US-Venezuela Conflict: Crude Oil Prices Set for Gap-Up Opening, India Unaffected
Venezuela Conflict to Spike Oil Prices, India Unscathed

Geopolitical tensions are set to roil global commodity markets as experts predict a significant surge in prices following recent US military action in Venezuela. The event, which occurred over the weekend, is expected to cause a gap-up opening for crude oil, gold, silver, and other key commodities when trading resumes on Monday, January 5.

Commodity Markets Brace for Volatility

Market analysts are sounding the alarm over potential price spikes driven by heightened uncertainty. Anuj Gupta, Director of Ya Wealth, stated that the attack is likely to fuel regional geopolitical tension, directly impacting commodity valuations. He anticipates a gap-up opening not just for crude oil, but also for gold, silver, copper, and gasoline.

Specifically for oil, Gupta forecasts that Brent Crude prices could reach between $62 and $65 per barrel on Monday. This marks a sharp rise from the previous trading session on Friday, where Brent futures closed below $61 per barrel and West Texas Intermediate (WTI) settled above $57.

The Petro-Dollar and Venezuela's Oil Wealth

Experts suggest the conflict has deep roots in the global oil trade and the dominance of the US dollar. Sandeep Pandey, Co-founder of Basav Capital, argues that the underlying motive for US involvement is to safeguard the petro-dollar system. He points out that Venezuela, under former President Hugo Chávez, began challenging this long-standing regime, a move that threatened US economic interests. The recent statement by former US President Donald Trump about controlling Venezuela's oil reserves is seen as a justification of this stance.

The conflict has thrown a spotlight on Venezuela's enormous, yet underutilized, oil reserves. The country possesses the world's largest proven oil reserves, estimated at over 303 billion barrels, which constitutes roughly 17% of global reserves according to OPEC data.

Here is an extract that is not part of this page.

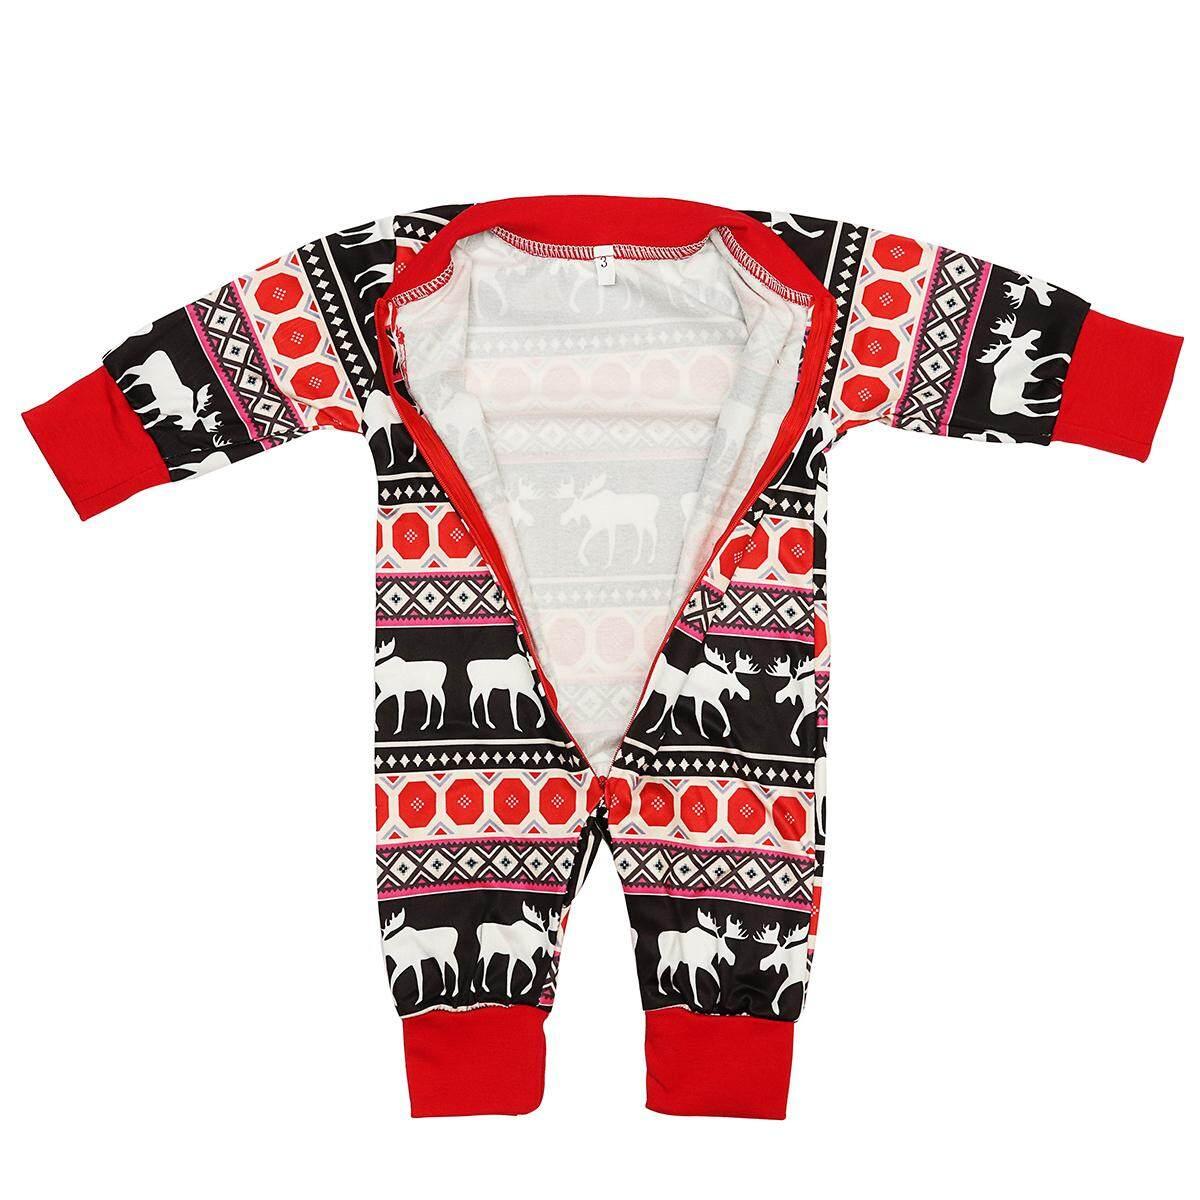 b6d87b3ac3 Women Men Kids Family Pajamas Set Home Sleepwear Nightwear Loungewear Moose  Fairy Warm Christmas Xmas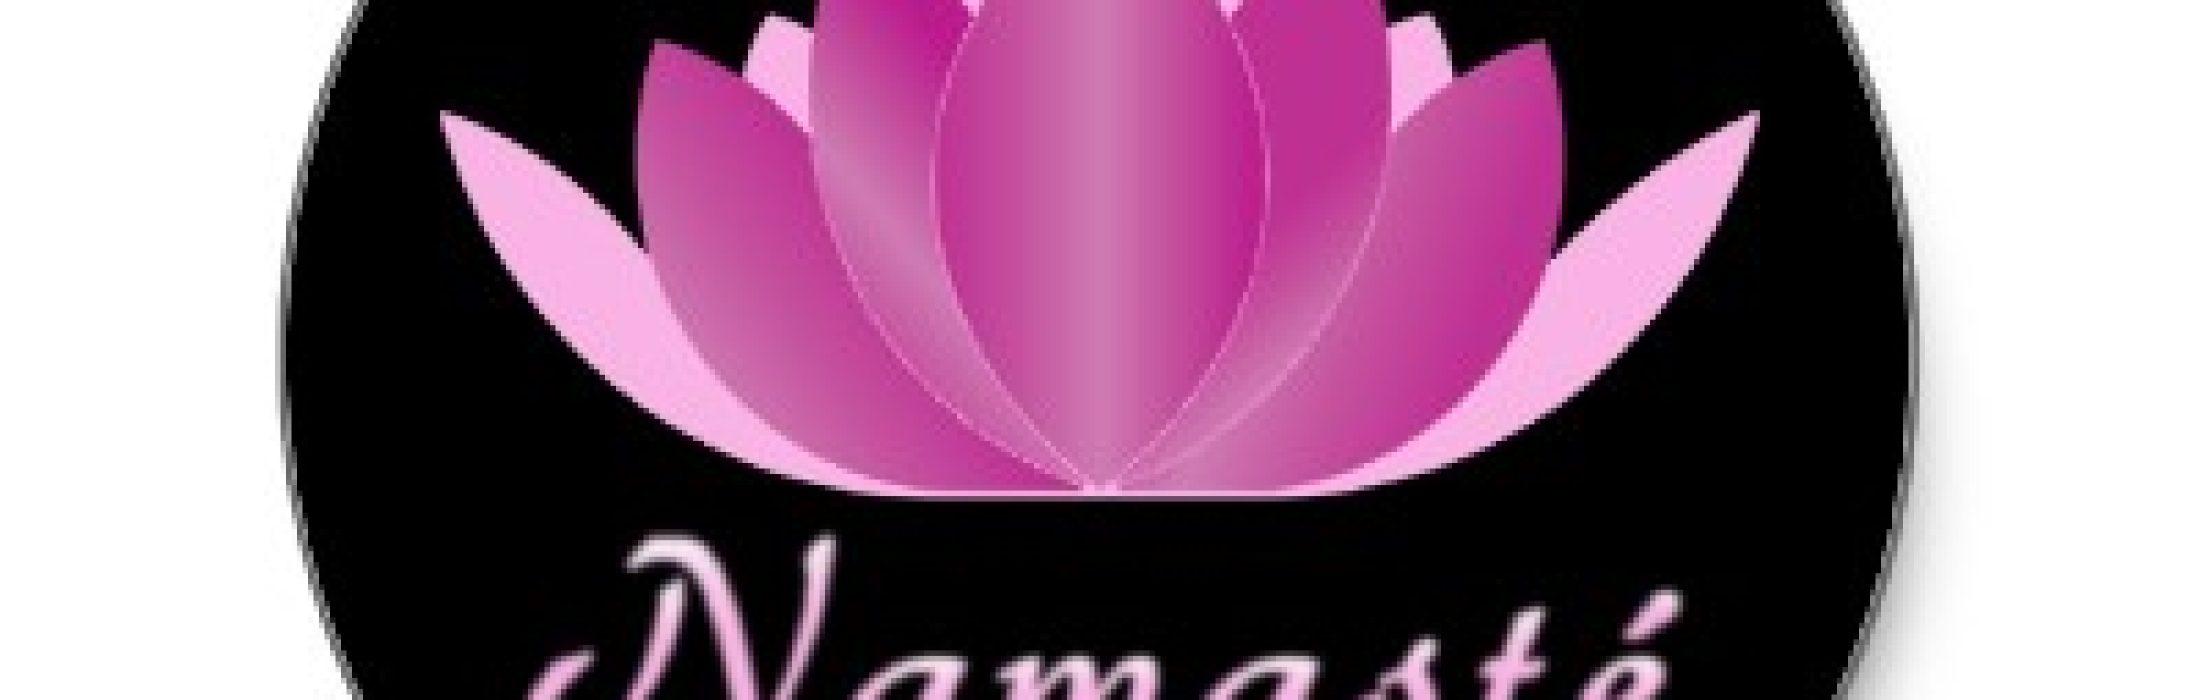 flor_de_namaste_lotus

This dwarfs the reserves of Saudi Arabia (267 billion barrels) and is more than six times that of the United States.

A significant portion of this resource lies in the Orinoco Belt, a vast region in northeastern Venezuela. Despite this wealth, years of US sanctions and chronic underinvestment have crippled production, which has fallen to approximately 1 million barrels per day.

Minimal Impact Forecast for India

Despite the anticipated global market turmoil, India is likely to remain largely insulated from the economic and energy fallout of the US-Venezuela conflict. This assessment comes from the Global Trade Research Initiative (GTRI), an India-based think tank.

GTRI notes that while India was a major buyer of Venezuelan crude in the 2000s and 2010s, with companies like ONGC Videsh having stakes in the Orinoco belt, trade relations have severely deteriorated. US sanctions imposed in 2019 forced India to halt oil imports and drastically reduce commercial engagement to avoid secondary penalties.

As a result, bilateral trade has shrunk to minimal levels. In the 2024–25 fiscal period, India's total imports from Venezuela stood at a mere $364.5 million, with crude oil accounting for $255.3 million. This represents a staggering 81.3% decline from the $1.4 billion worth of crude imported in 2023–24.

India's exports to Venezuela are also limited, totaling $95.3 million, primarily driven by pharmaceuticals worth $41.4 million. The GTRI report was released on Sunday, following the US operation that led to the detention of Venezuelan President Nicolas Maduro and his wife on charges including alleged narco-terrorism.

In conclusion, while the world watches commodity prices react to fresh geopolitical strife, India's strategic decoupling from Venezuelan oil over recent years appears to have shielded its economy from immediate direct impact.